Publié le 19 juin 2012 par Jblully

 Réciprocité ne veut pas dire protectionnisme - © Anton Balazh - Fotolia.comLa Commission européenne menace deux grands équipementiers chinois du secteur des télécommunications – ZTE et Huawei – de sanctions commerciales (Voir Les Échos, 1er juin 2012). Elle prend ainsi la mesure des pratiques déloyales (dumping, subventions massives d’État…) qui affectent les échanges commerciaux. Si la perspective de rétorsions reste à confirmer – les États-membres doivent, en effet, se mettre d’accord dans les semaines qui viennent – elle sera un signal fort tant les groupes européens des télécommunications souffrent aujourd’hui de la concurrence non loyale de certains opérateurs émergents.

Surtout, les institutions européennes sont, désormais, plus sensibles au vœu de réciprocité exprimé, de façon croissante, par les opérateurs économiques et les décideurs politiques des États-membres. Une première bataille a été gagnée : le terme « réciprocité » n’est plus un « gros mot » ; mais une seconde reste à mener : faire en sorte que ce terme ne soit plus assimilé à du protectionnisme par plusieurs pays européens. On le voit avec le projet de texte du Commissaire Barnier sur les marchés publics internationaux où les avancées sont loin d’être acquises. Dès lors, il est plus facile de parler de loyauté, d’équité ou de « fair trade ».

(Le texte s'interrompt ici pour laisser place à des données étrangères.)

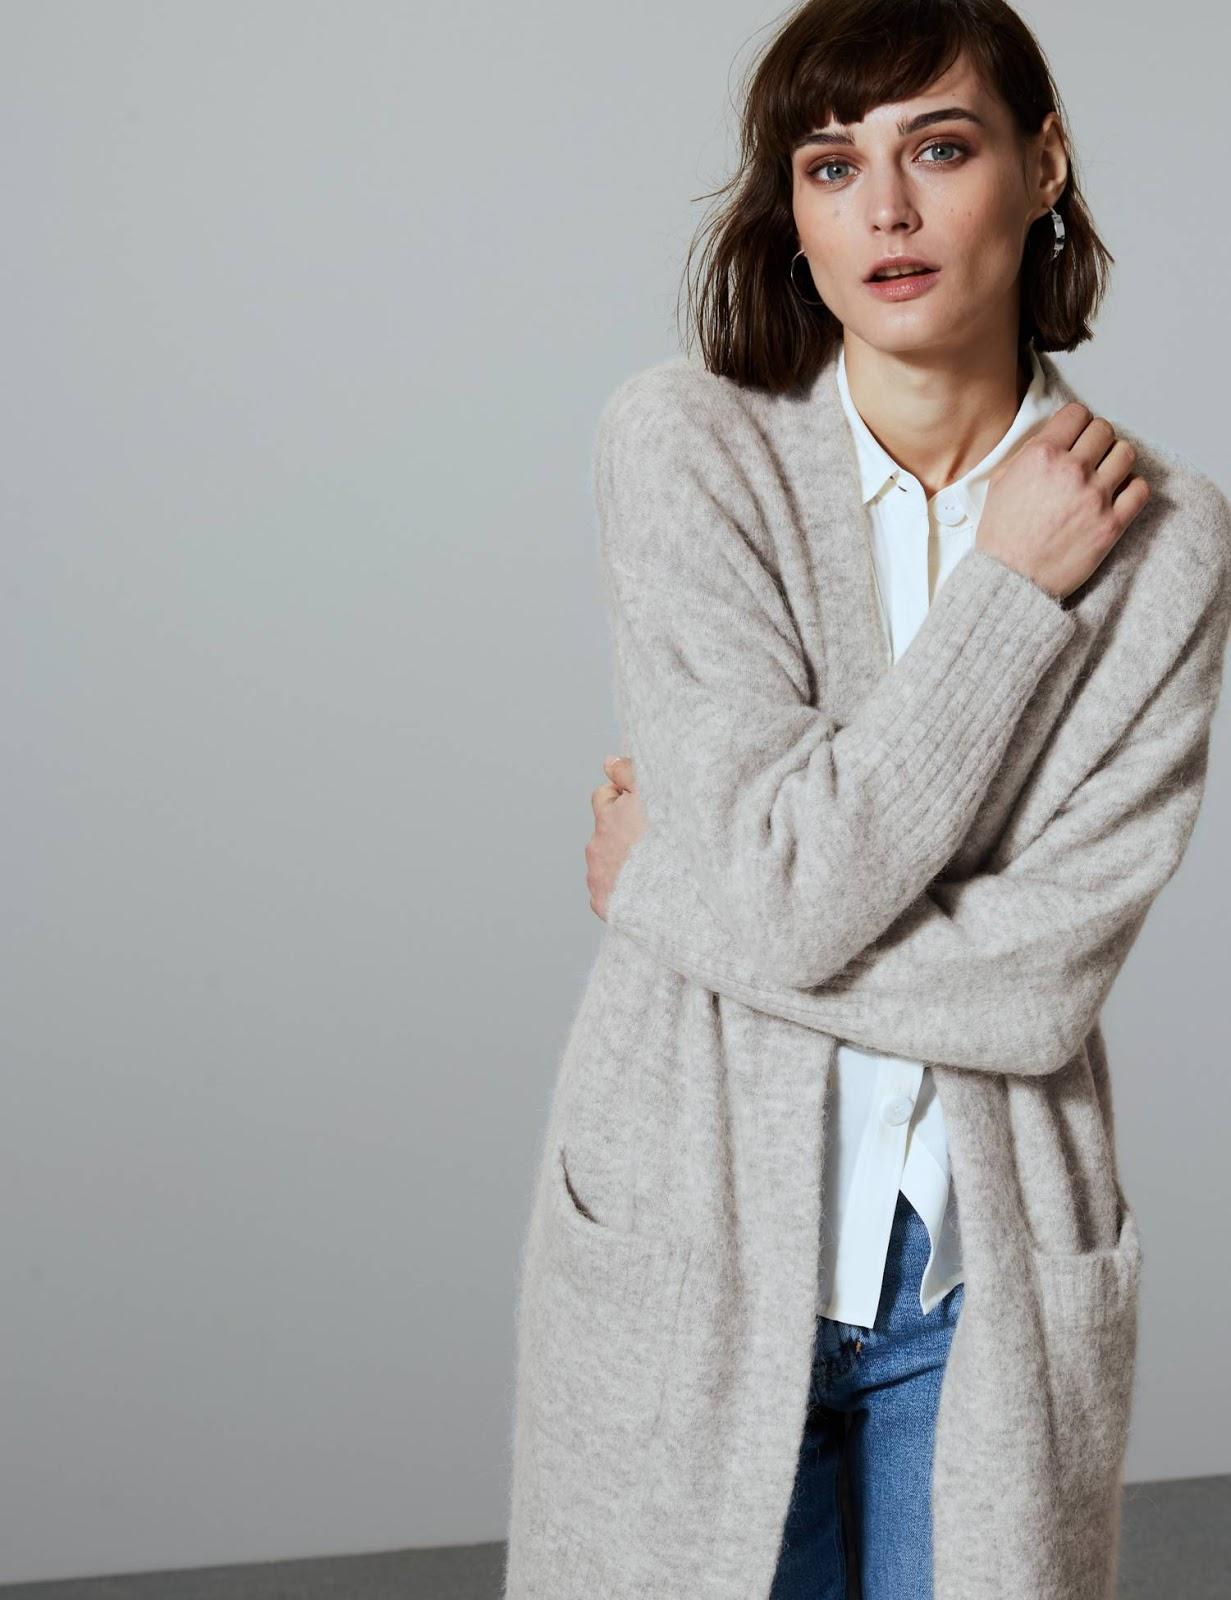 Marks & Spencer Wool Blend Textured Cardigan

C’est dire combien il est important de convaincre nos partenaires européens – entreprises comme politiques – les plus réticents de l’aptitude d’une approche réciproque à rétablir des conditions de concurrence loyale. Aujourd’hui, les industriels européens soumis à des pressions de la part de leurs partenaires commerciaux perdent deux fois :

- une fois sur les marchés émergents dont ils sont exclus de par l’insécurité juridique et l’opacité qui entourent les règles des marchés publics ou de propriété intellectuelle par exemple ; selon la Chambre de commerce européenne en Chine, un cinquième des entreprises implantées dans ce pays souhaitent en partir compte tenu du contexte économique actuel mais aussi pour des raisons liées aux difficultés d’accès au marché ;

- une seconde sur le marché européen au sein duquel ils font l’objet de pratiques de dumping ou de concurrence très forte d’opérateurs qui bénéficient d’aides d’État mirifiques ; c’est la situation que connaît le secteur des télécommunications, suédois notamment, à tel point que ces sanctions arriveront peut être trop tard. C’est aussi celle que rencontrent, d’ores et déjà, d’autres secteurs (éolien, photovoltaïque) où les entreprises, allemandes par exemple, sont déjà fortement touchées par la concurrence de « champions nationaux » des pays émergents fraîchement émoulus grâce aux soutiens financiers des autorités chinoises.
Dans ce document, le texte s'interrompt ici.